Unidentified Analyst

Analyst

So we have 16 Phase III trial customers currently. I'm not - I'm assuming a reasonably high proportion of those will be approved and raised to commercial status. So my question is - let's pick one of those at random unnamed and the BLA is approved by the FDA June 30 next year. Most pharma companies that I've been involved with are able to launch their product into the marketplace within 30 to 45 days subsequent to an FDA move to get application approval. Are you telling me that it's going to be months after an approval before one of your clients can be actively shipping the CryoPort solution because it's certainly not going to be [indiscernible].

Mark Sawicki

Management

So I'm not saying that at all, because you have to differentiate a clinical win transition versus something that we have supported all along. So those 16 Phase III trials that we were talking about, if one of those files, our solutions is already written into their documentation regulatory work for the FDA. So the minute that they can commercialize, we are already written into those protocols. There is no delay. However if somebody converts from an internal options, so they have their own fleet and they want to convert to a CryoPort fleet or they are using a third-party and they want to convert to a CryoPort party, and they are actively - all of that our other documentation in regards to processes toward option B are already in their procedures, they have to write and change that. That's why we've been very aggressively going after the clinical market because supporting on a clinical trial, the more that we get embedded early on, it provides that advantage from us from a support standpoint because we don't have to go through all these hurdles and jump through these hoops to support a program.

Unidentified Analyst

Analyst

It makes sense. Sounds for an existing biological company to convert to CryoPort which explains what you’ve been unable to pick up any significant commercial already commercial business, none of these guys want to go through the time and expense of six to nine month bridging study/conversion process. So is it fair to say that the vast bulk of your business going forward will only emanate from your current stable clinical trial client relationship?

Mark Sawicki

Management

Absolutely not. If there is a significant inherent advantage to them to make that shifts and that was the reason that - let's take, BMS for example, they saw a significant benefit in the product that we had on the table. It conveyed to them and it does this in a marketplace, in many instances, we reduce the risk of the product during distribution. So for example, if we can reduce the failure rate on distribution of their drug product from 5% to 1%, think of the economic advantage for them. That's huge.

Unidentified Analyst

Analyst

I understand, and that’s why I’ve been really disappointed over the last 18 months that you have not been able to collect any significant existing commercial business, i.e. take market share away from existing shipping applications with the exception of Bristol so far.

Mark Sawicki

Management

Well, and that's one of the reasons we conducted a study that we had.
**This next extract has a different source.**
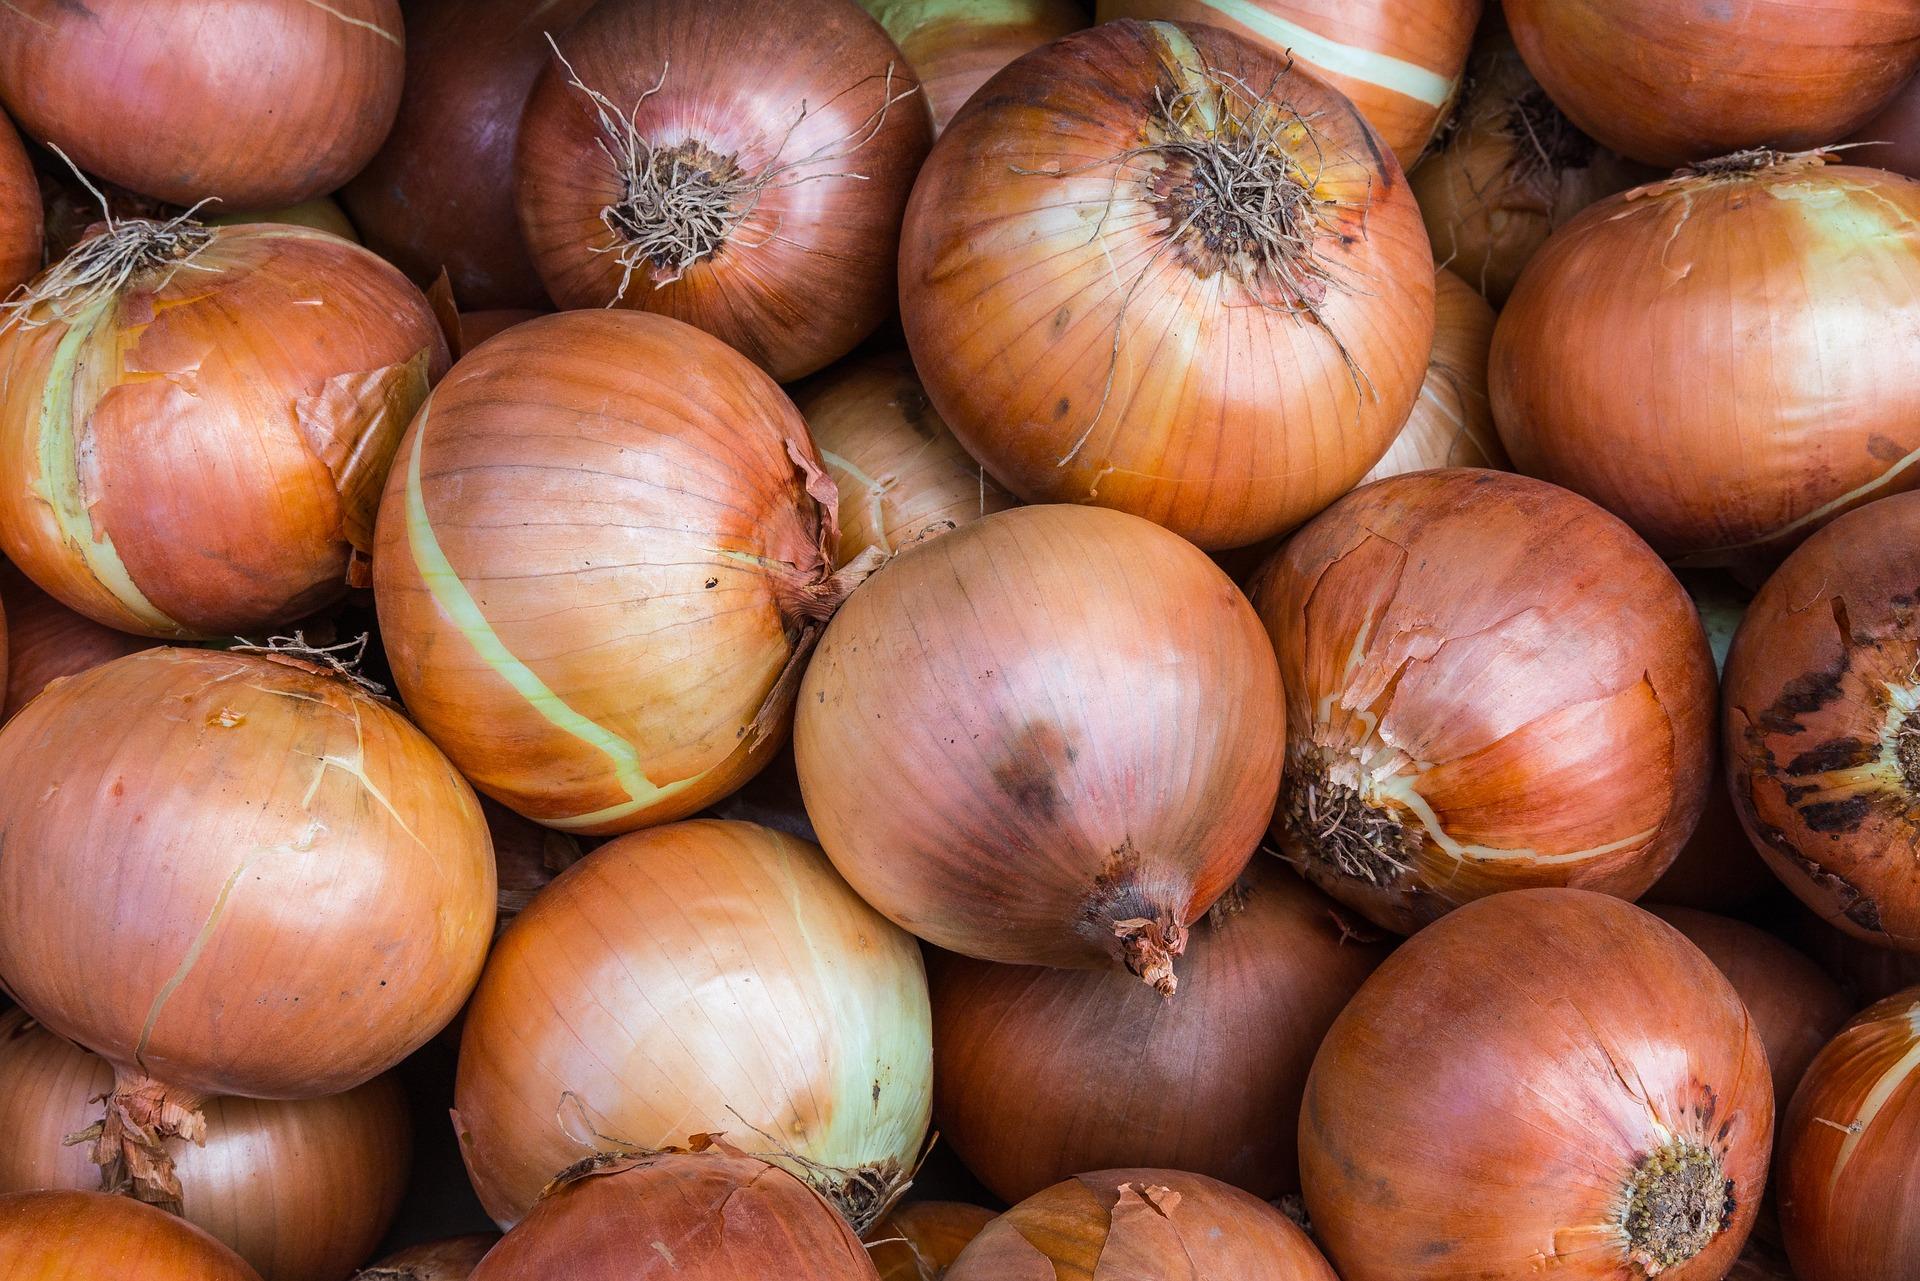 onions-1078149_1920

So the study itself - there is a paucity of scientific data in the marketplace that really demonstrates the advantage of conversion, and so we really wanted to justify. And then many times we’ll go in and sit down with the big pharma and they'll say show me the data, and we needed to generate the data to demonstrate that. We are currently doing that and having those exact conversations because we have a data to approve the benefit. Does that answer your question?

Unidentified Analyst

Analyst

Yes, thank you.

Mark Sawicki

Management

Great.

Operator

Operator

And there are no further questions in the queue. I'd like to turn the conference back for any additional or closing remarks.

Jerry Shelton

Management

Well, again I want to thank everyone for joining the call. We really appreciate your support, and we look forward to continuing to make progress in the next call. Thank you very much.

Operator

Operator

This does conclude today's conference. We thank you for your participation. You may now disconnect.